* [GIVEN DATA]
━━━━
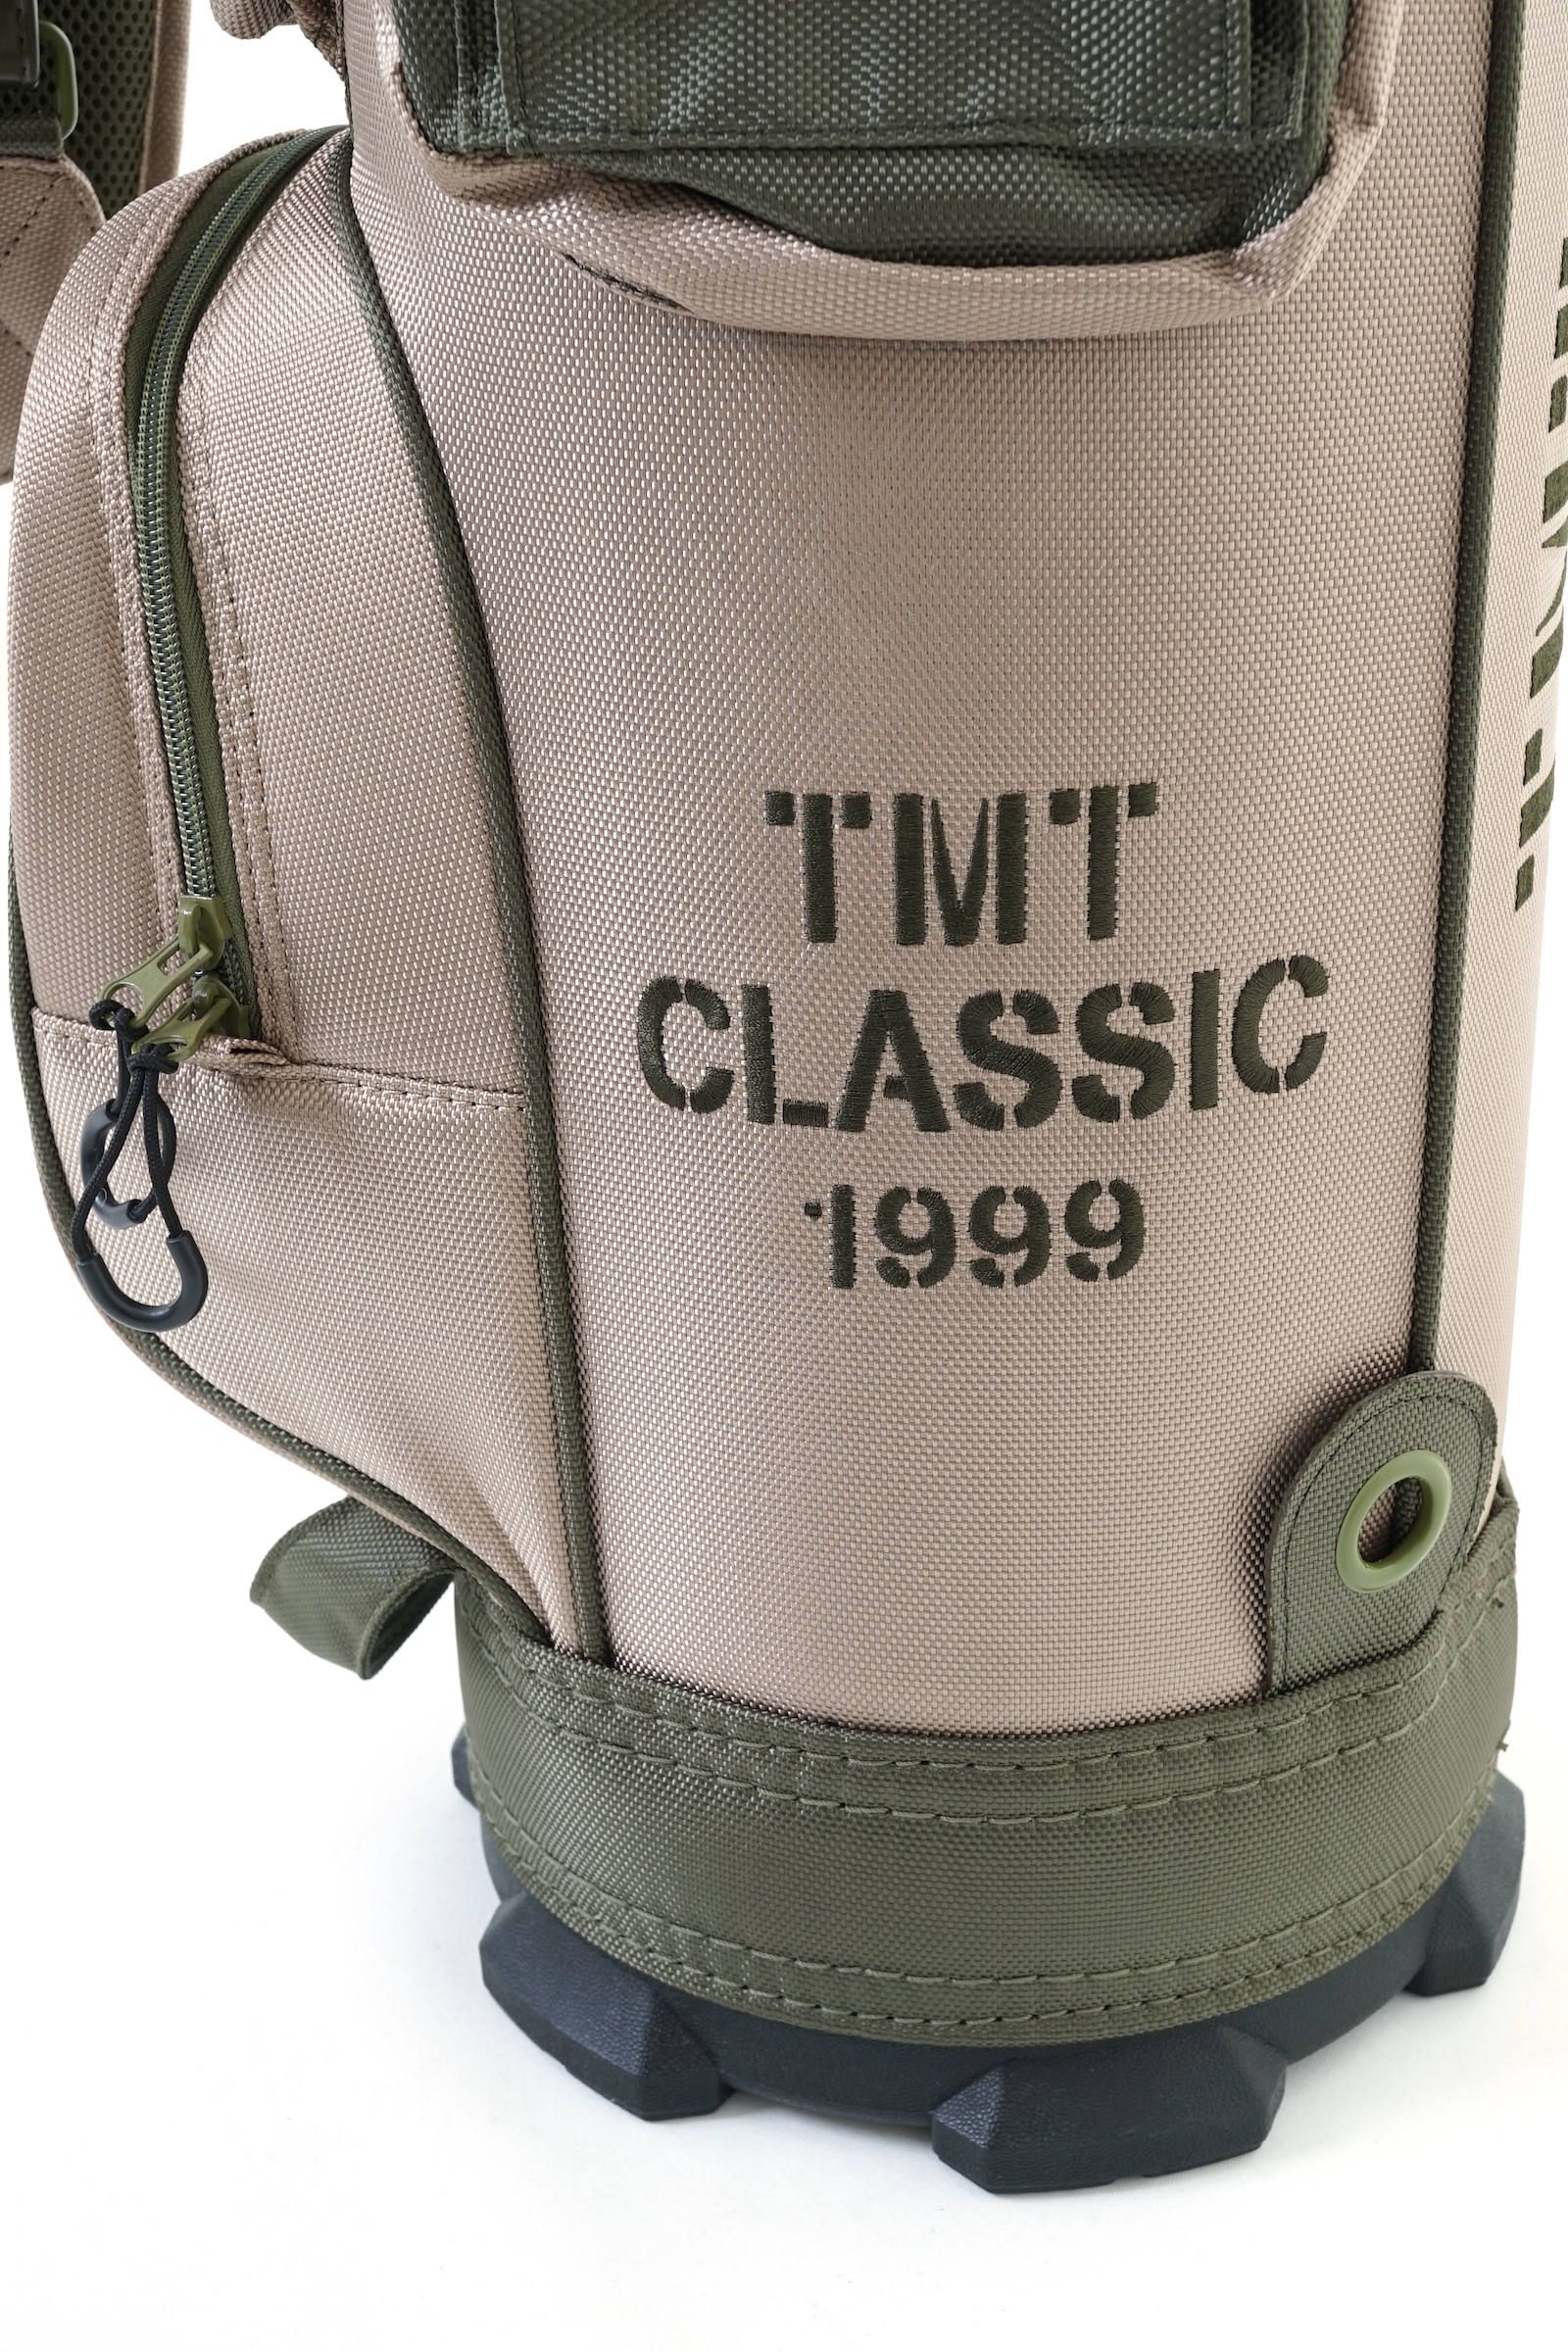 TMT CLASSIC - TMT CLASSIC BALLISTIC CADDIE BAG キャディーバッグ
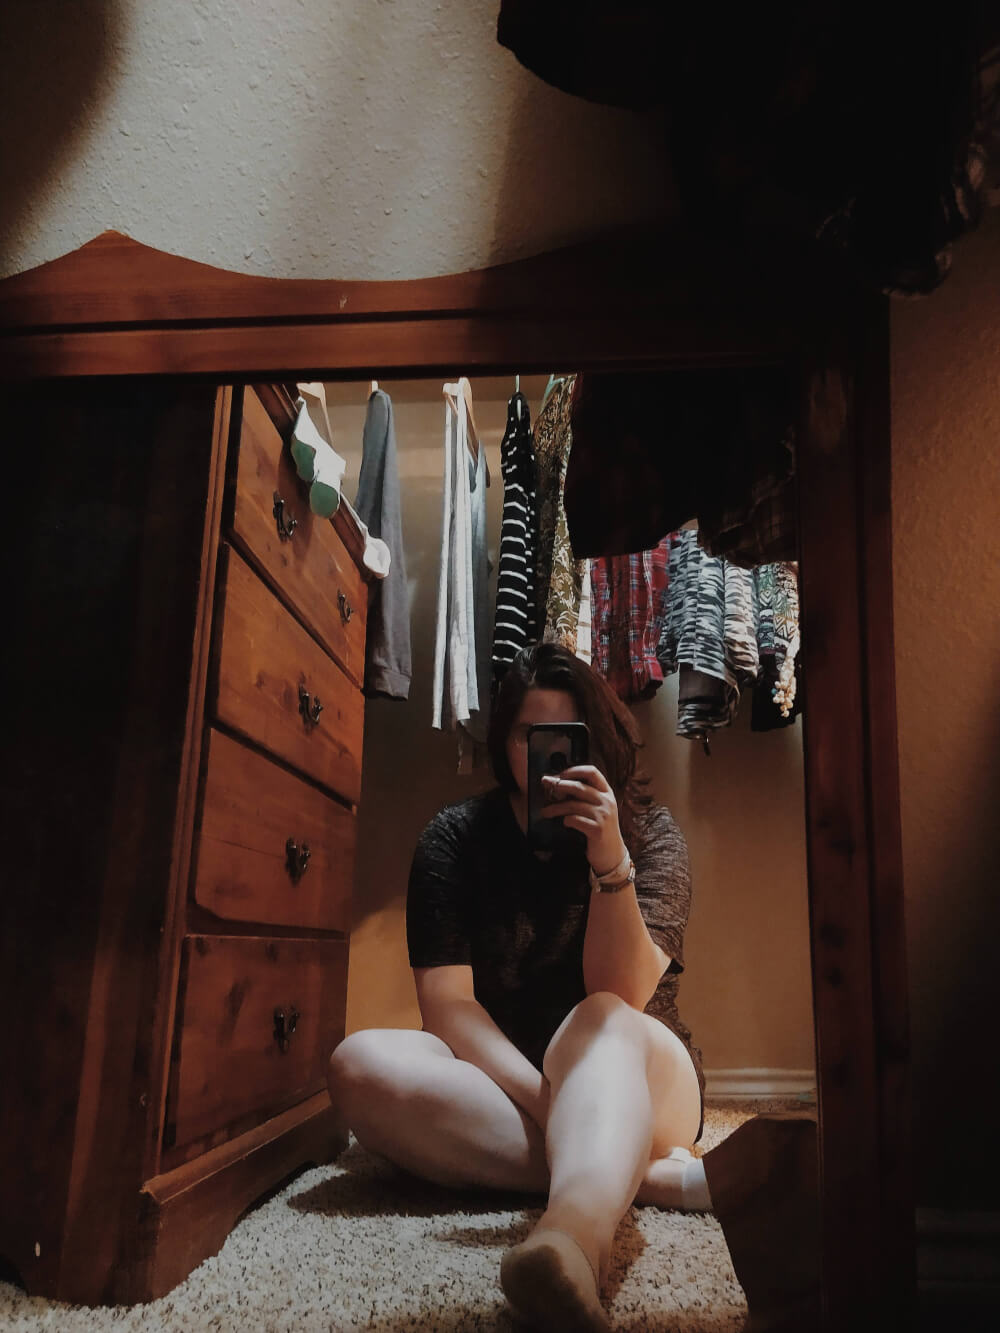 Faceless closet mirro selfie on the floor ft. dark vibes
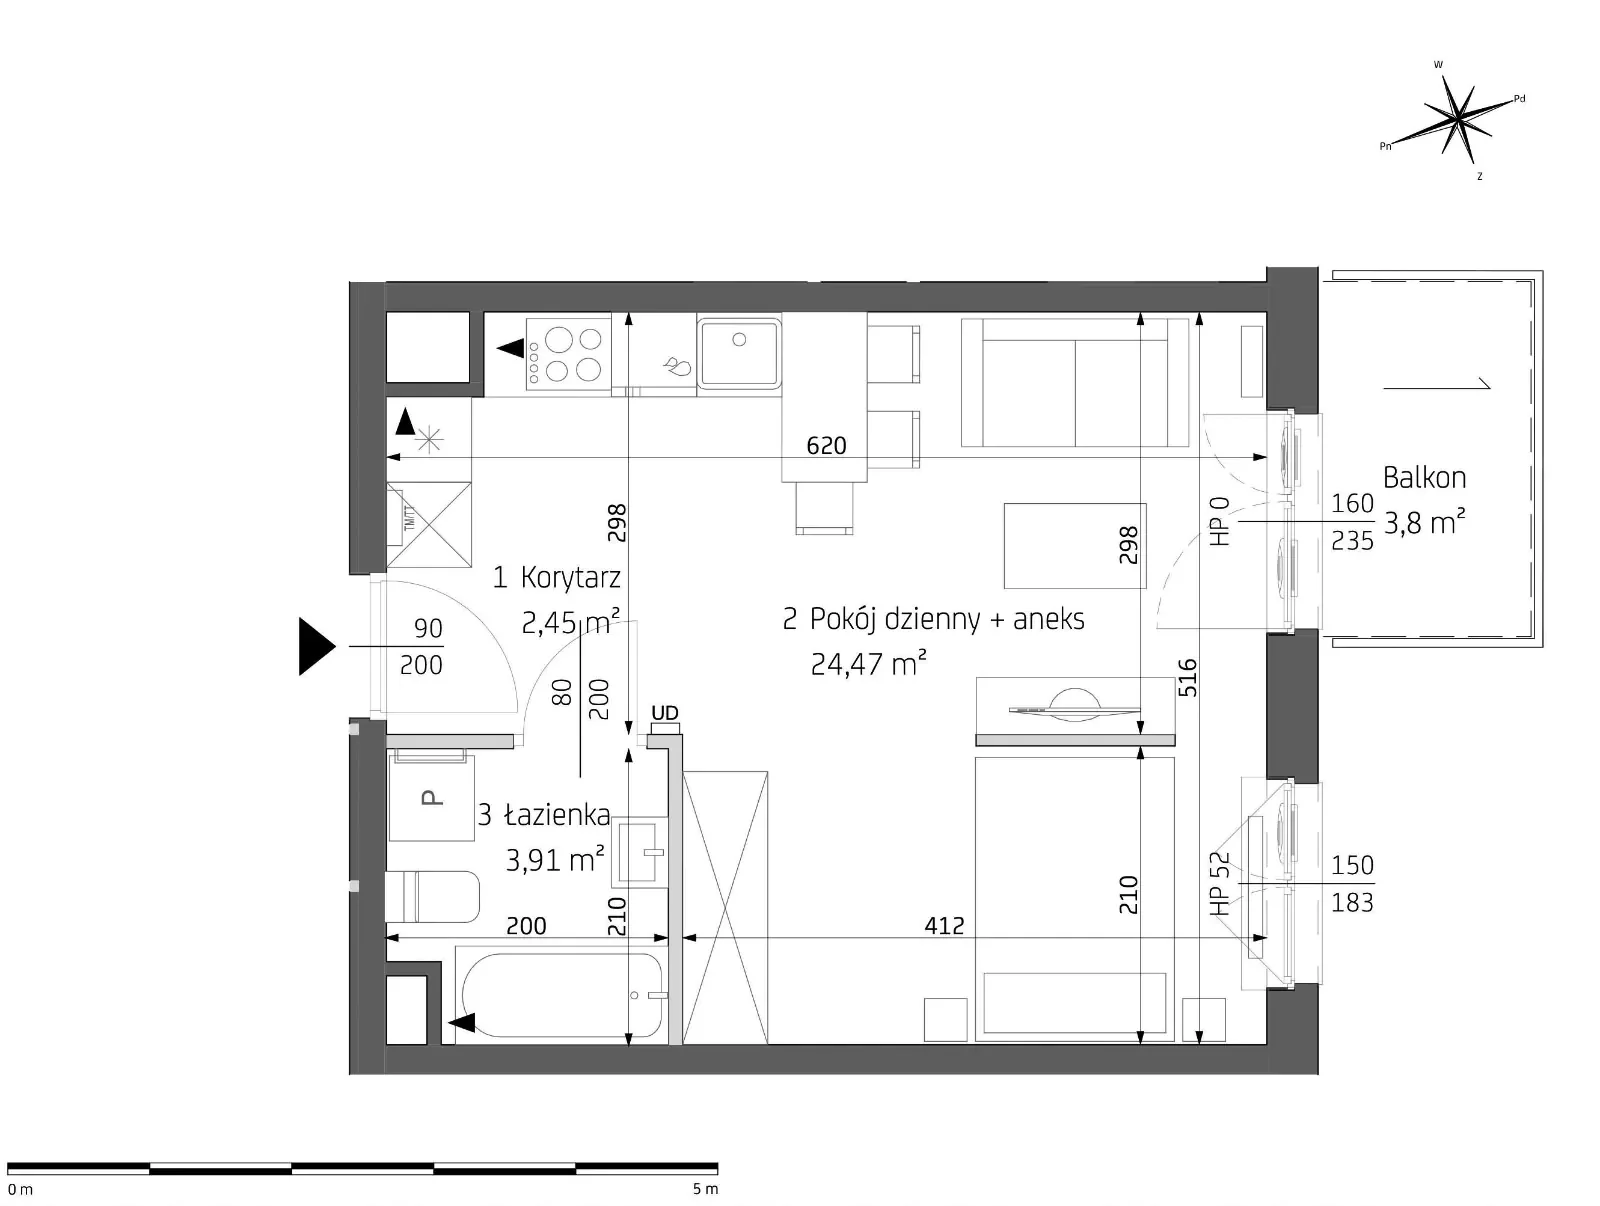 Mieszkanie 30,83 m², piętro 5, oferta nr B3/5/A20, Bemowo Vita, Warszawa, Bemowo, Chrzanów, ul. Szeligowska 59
━━━━
* [EXERCISE INSTRUCTIONS] From the line containing "Faceless closet mirro" down to the end of the listing above, every line is to be returned exactly, though the pictures are not.

* [TASK OUTPUT]
 Faceless closet mirro selfie on the floor ft. dark vibes
 Mieszkanie 30,83 m², piętro 5, oferta nr B3/5/A20, Bemowo Vita, Warszawa, Bemowo, Chrzanów, ul. Szeligowska 59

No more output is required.